It shows the charging current, sure, i leave it on the default of 200mA as i was told slow is better.
The capacity is shown in mAh BUT, i think im being told thats only the power its stuffed into the cell during this charge cycle.
Yes ive read the paper manual. Its actually a little book!! but it only states the mAh is the capacity. So crazily i assumed this ment the capacity of the cell.
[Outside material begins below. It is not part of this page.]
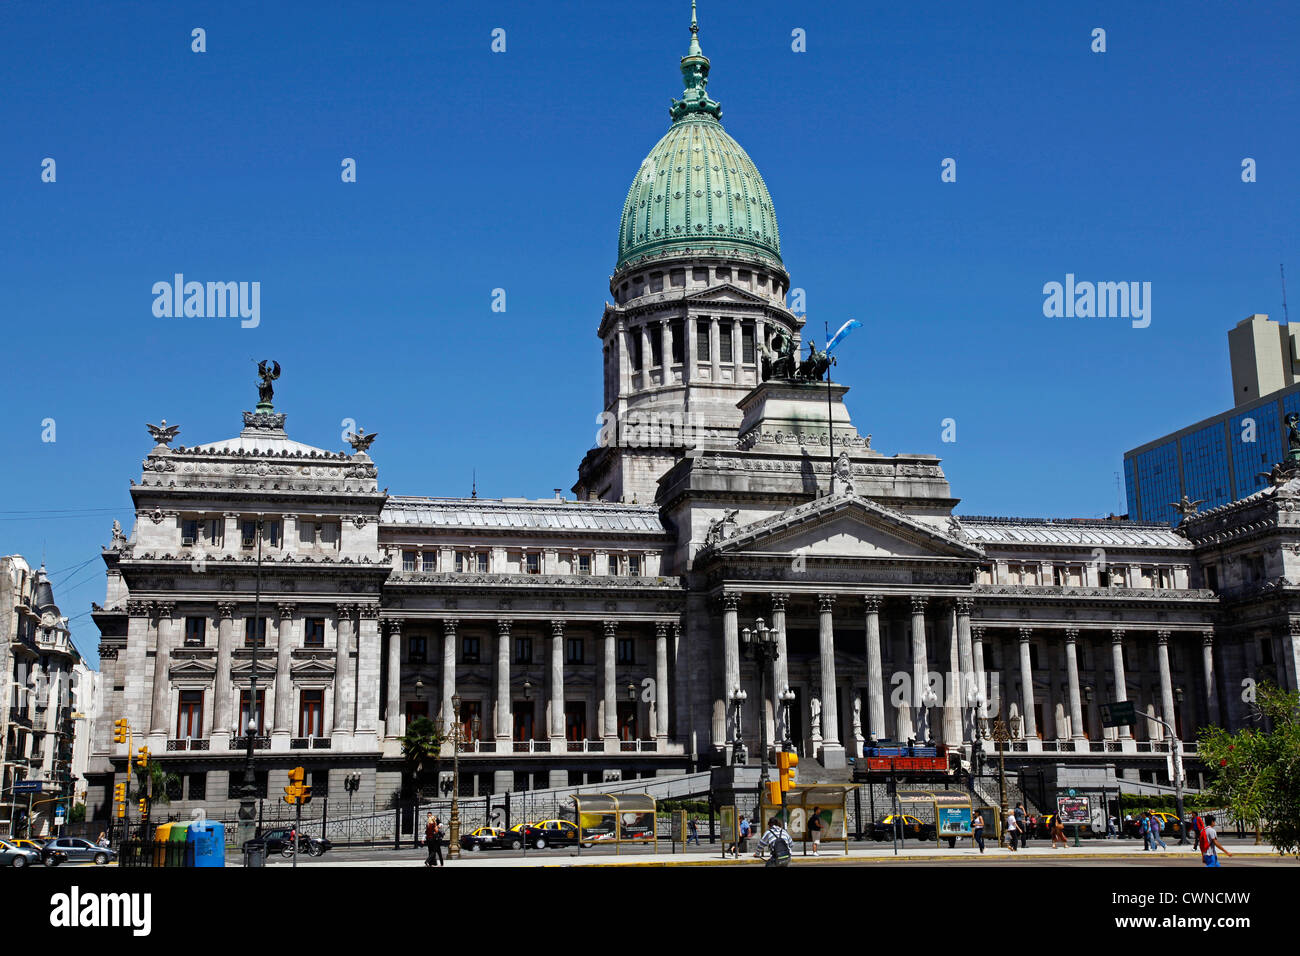 Congreso Nacional, the National Congress, Buenos Aires, Argentina. Stock Photo

Just checked the manual again. It stated Capacity display while charging (mAh) is Accumulated Capacity. Slightly ambigious


----------



## Mt Spokane Photography (Mar 26, 2013)

simonbratt99 said:


> Thanks for the reply.
> Ah ok so the mAh reported for the AA is the enery its stuffed into the cell while charging, not the actual power of the cell. That makes sence.
> I will probably run this breakin cycle later.
> 
> ...


 
You cannot tell how much energy is in a cell, just measure the voltage.

However, your BC-700 charger will measure the energy that was in a cell when you do a discharge cycle. Discharging a cell and measuring how much energy it was able to deliver is the only way to get a precise value.

Lots of inventors have been looking for a accurate way to tell.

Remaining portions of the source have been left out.